Ploegh pense que les cellules T modifiées fonctionnent grâce à une combinaison de facteurs. Ils ont causé des dommages au tissu tumoral, qui tend à stimuler les réponses immunitaires inflammatoires. Cibler EIIIB peut endommager les vaisseaux sanguins d'une manière qui diminue l'apport sanguin aux tumeurs, tout en les rendant plus perméables aux médicaments anticancéreux.

"Si vous détruisez l'approvisionnement en sang local et provoquez une fuite vasculaire, you could perhaps improve the delivery of other things that might have a harder time getting in, " says Ploegh. "I think we should look at this as part of a combination therapy."

Directions futures

Ploegh thinks his team's approach could be useful in many solid tumors. He's particularly interested in testing nanobody-based CAR T cells in models of pancreatic cancer and cholangiocarcinoma, a bile duct cancer from which Ingram passed away in 2018.

The technology itself can be pushed even further, says Ploegh.

"Nanobodies could potentially carry a cytokine to boost the immune response to the tumor, toxic molecules that kill tumor and radioisotopes to irradiate the tumor at close range, " he says. "CAR T cells are the battering ram that would come in to open the door; the other elements would finish the job. En théorie, you could equip a single T cell with multiple chimeric antigen receptors and achieve even more precision. That's something we would like to pursue."

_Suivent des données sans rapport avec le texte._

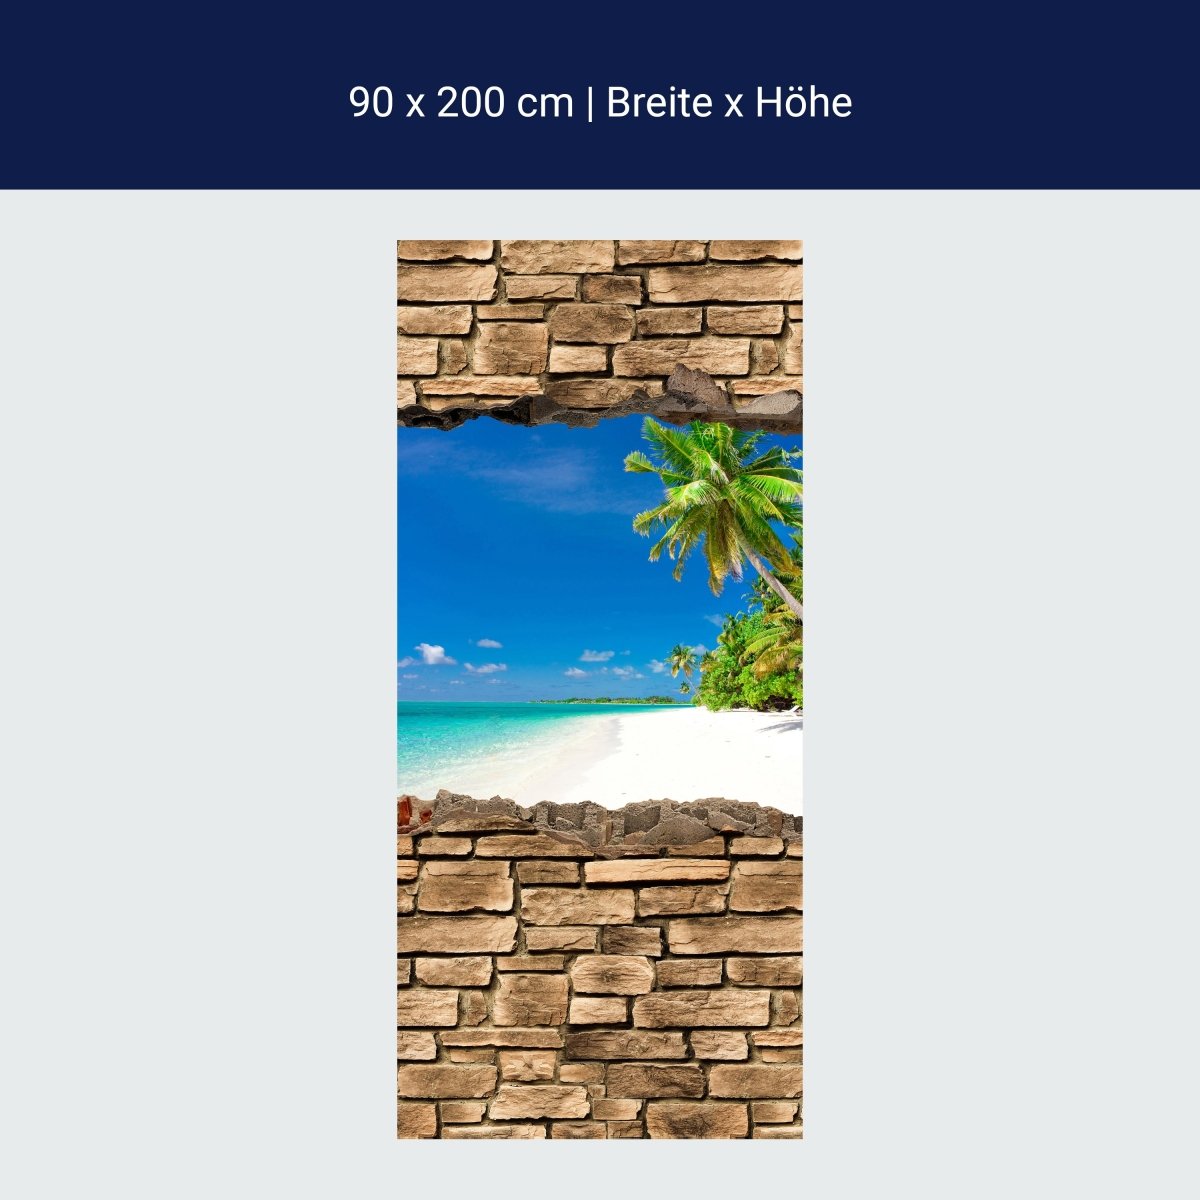 Shower wall 3D South Seas - stone wall M0647

Yushu Joy Xie, a graduate student in Boston Children's Program in Cellular and Molecular Medicine and MIT's Koch Institute, was first author on the paper. Supporters include the Lustgarten Foundation, the National Science Foundation, the National Institutes of Health, the American Gastroenterological Association, the Howard Hughes Medical Institute Department of Defense and the National Cancer Institute. See the paper for details on authors and funders.